I don't ever recall black background whte text being an option. The blue and white yes. Please don't take this the wrong way, but was it definitely in Word you remember seeing this?


----------



## uly (Apr 27, 2003)

I understand why you may feel incredulous, but I am absolutely 100% sure this could be done. I had used that option for a long time (several years) through several versions of Word (can't remember exactly but probably since Word 2000 or so). I remember each time for whatever reason I had to reinstall Word, I ran in to this problem. The "Black..." option always popped up later somehow and I never figured out how to get it enabled exactly. Anyway, I hope someone can shed some light on this...

ps. I made an error in my first post, I'm using Word 2003 with SP2 and all the updates, not Word XP


----------



## Glaswegian (Sep 16, 2005)

LOL, I'm not incredulous, just puzzled. :laugh:

I used Word 97 for many years and honestly don't remember black and white being an option. I'll dig around a bit more though and see if I can find anything.


----------



## Zazula (Apr 27, 2006)

Far-out, yet nothing to lose: when you were seeing white text on black background, maybe you had the high-contrast *Accessibility Options* turned on? (Typically there's a *Use High Contrast* check box on the *Display* tab of the *Accessibility Options* CPL.)

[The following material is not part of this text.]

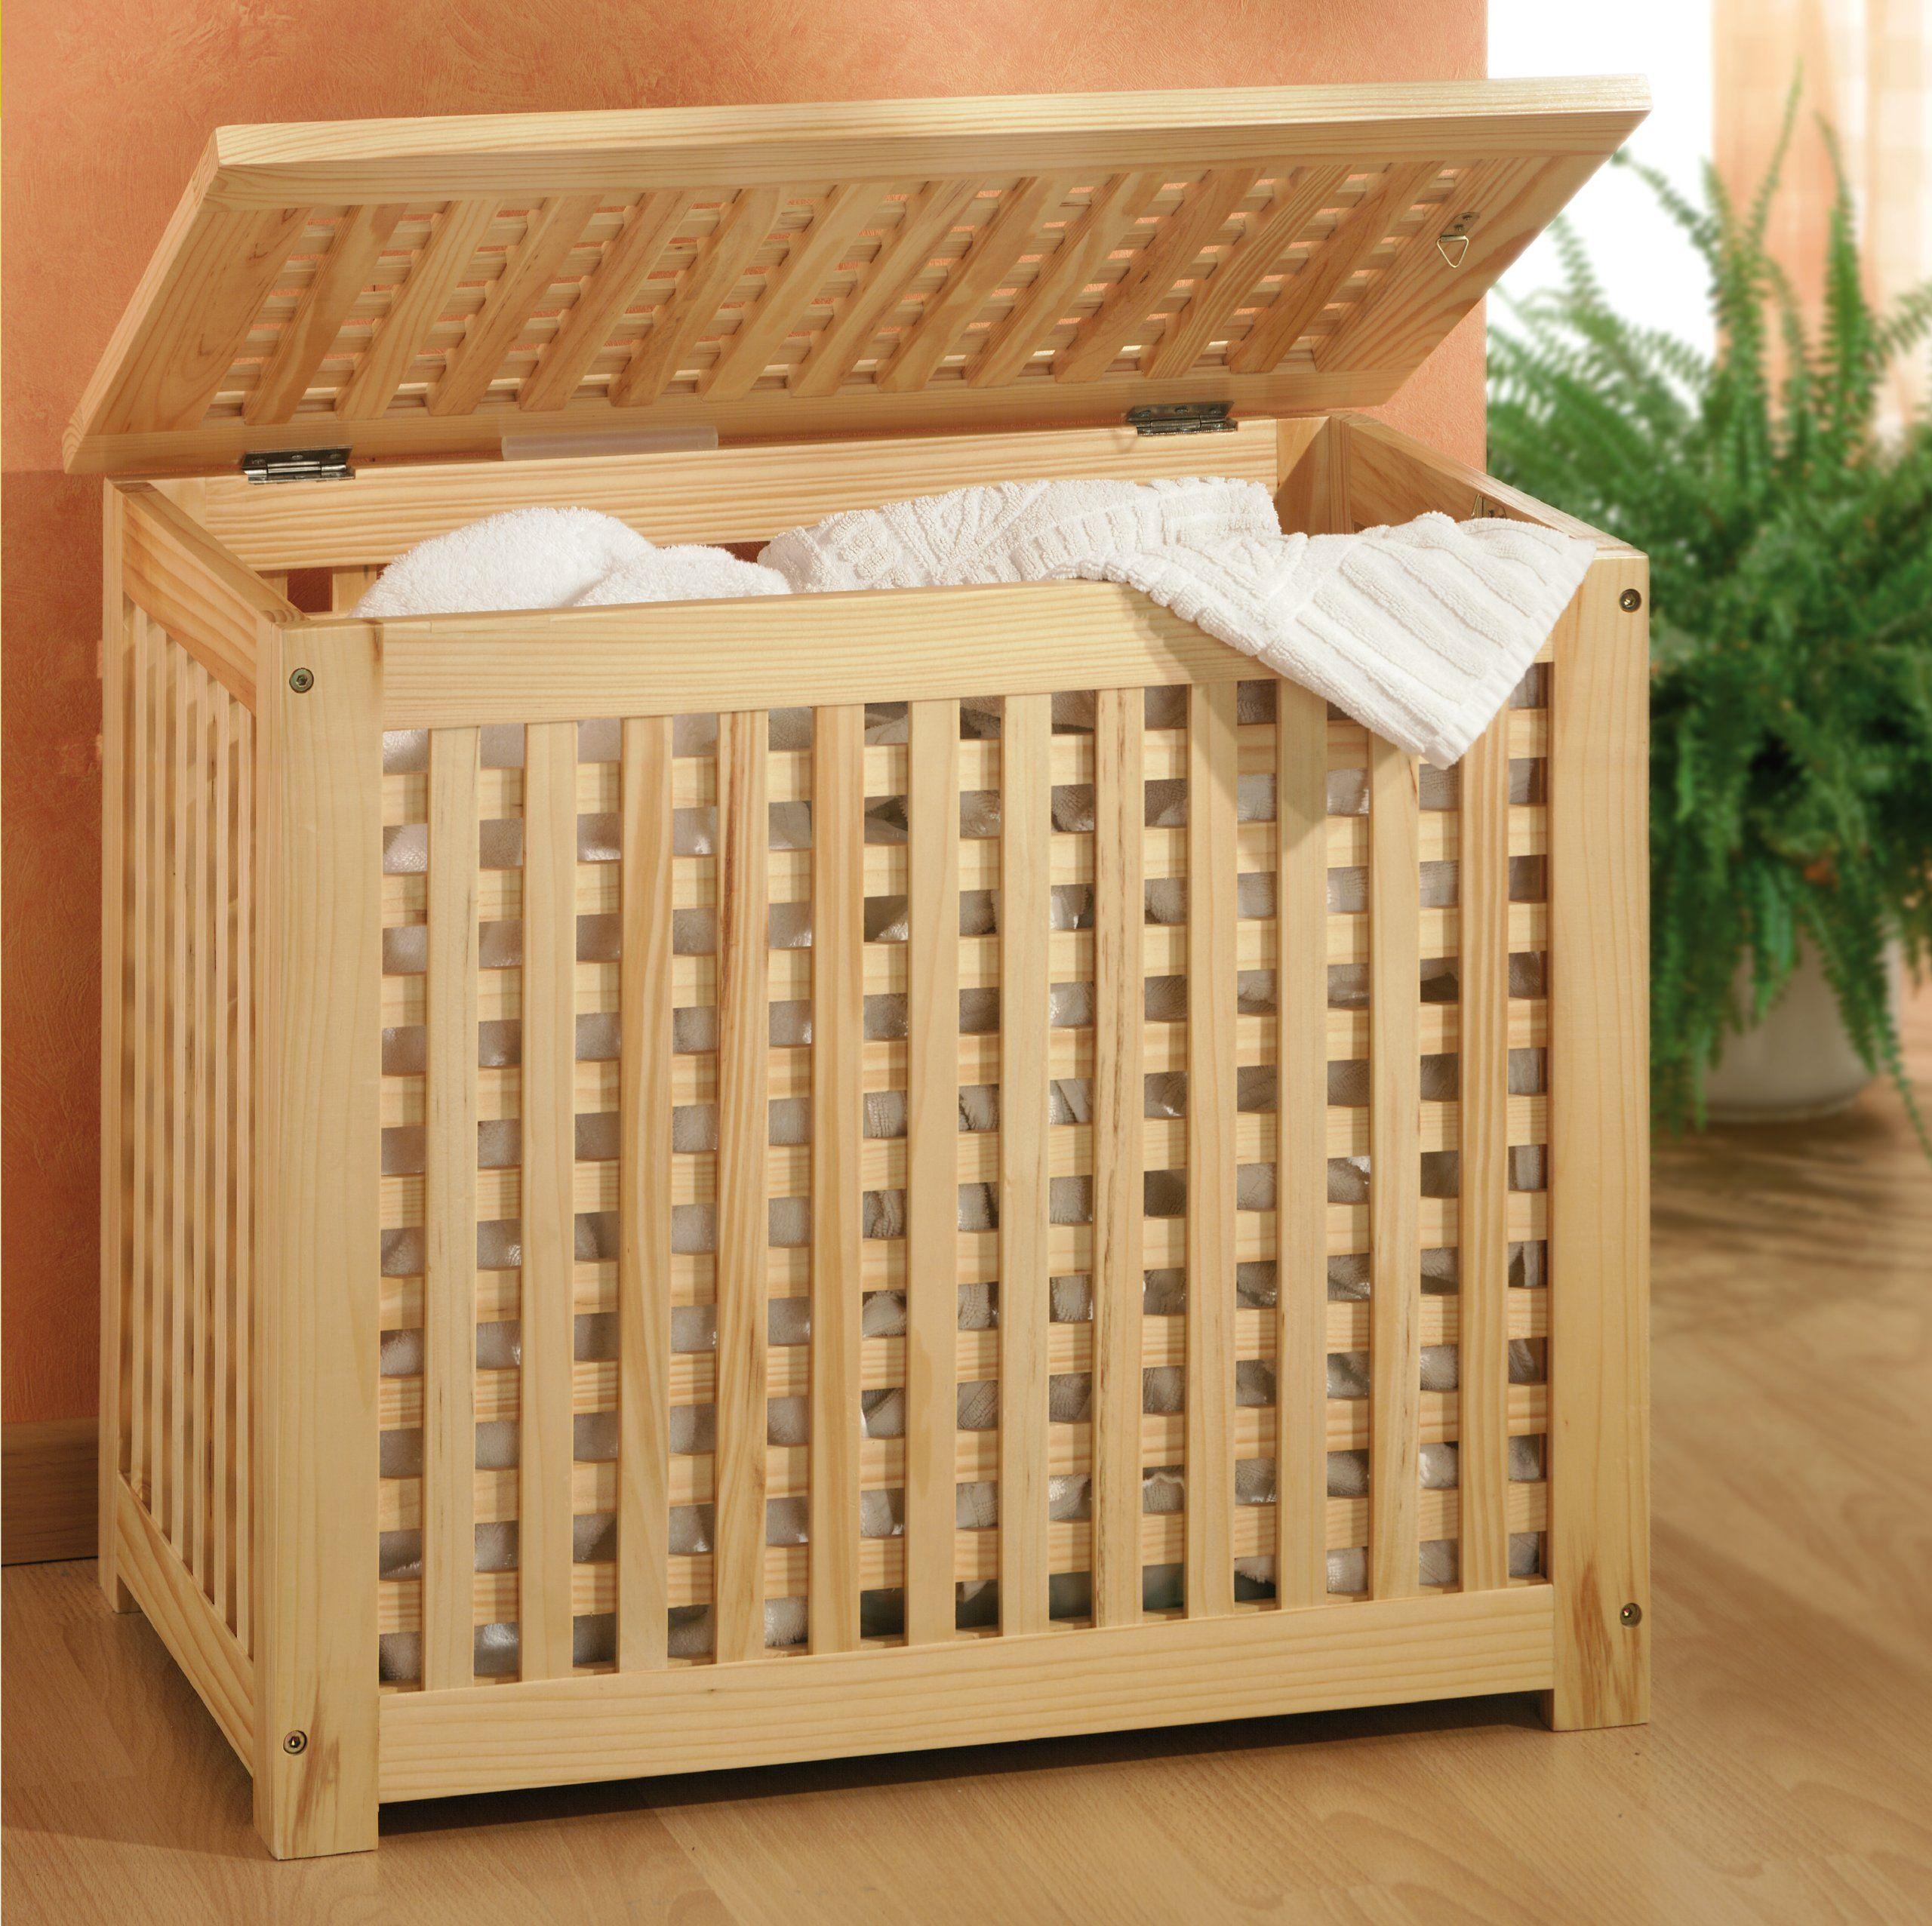 Schlafzimmer Waschetruhe Mit Leinensack Kiefernholz Amazon De Kuche Haushalt Waschetruhe Waschetonne Waschetruhe Holz

Of course, if you intend to use ONLY white-over-black documents, then you can save these settings in Normal.dot and you're all set! Even if you want to OPT for this feature from time to time (not on a permanent basis), you can still create a specific Template for this purpose - and you're once again all set!


----------



## uly (Apr 27, 2003)

Well, sorry to keep repeating this, but I am convinced that there's such an option *within* Word, and that it does *not* alter the actual document in anyway, just how it's displayed. I know I can just go into the fill setting and change the background, or go to Windows display settings and change the display for everything, but that's not what I'm trying to do. I've been using the white-on-blue display, and honestly it's not too bad. What really bugs me is the knowledge that there's a way to get the white-on-black option but I don't know how...

Anyway, thanks for trying to help.


----------



## MaKC (Jun 29, 2009)

> Well, sorry to keep repeating this, but I am convinced that there's such an option within Word, and that it does not alter the actual document in anyway, just how it's displayed. I know I can just go into the fill setting and change the background, or go to Windows display settings and change the display for everything, but that's not what I'm trying to do. I've been using the white-on-blue display, and honestly it's not too bad. What really bugs me is the knowledge that there's a way to get the white-on-black option but I don't know how...


I have exactly the same question! Please help to solve a problem if there is a solution!


----------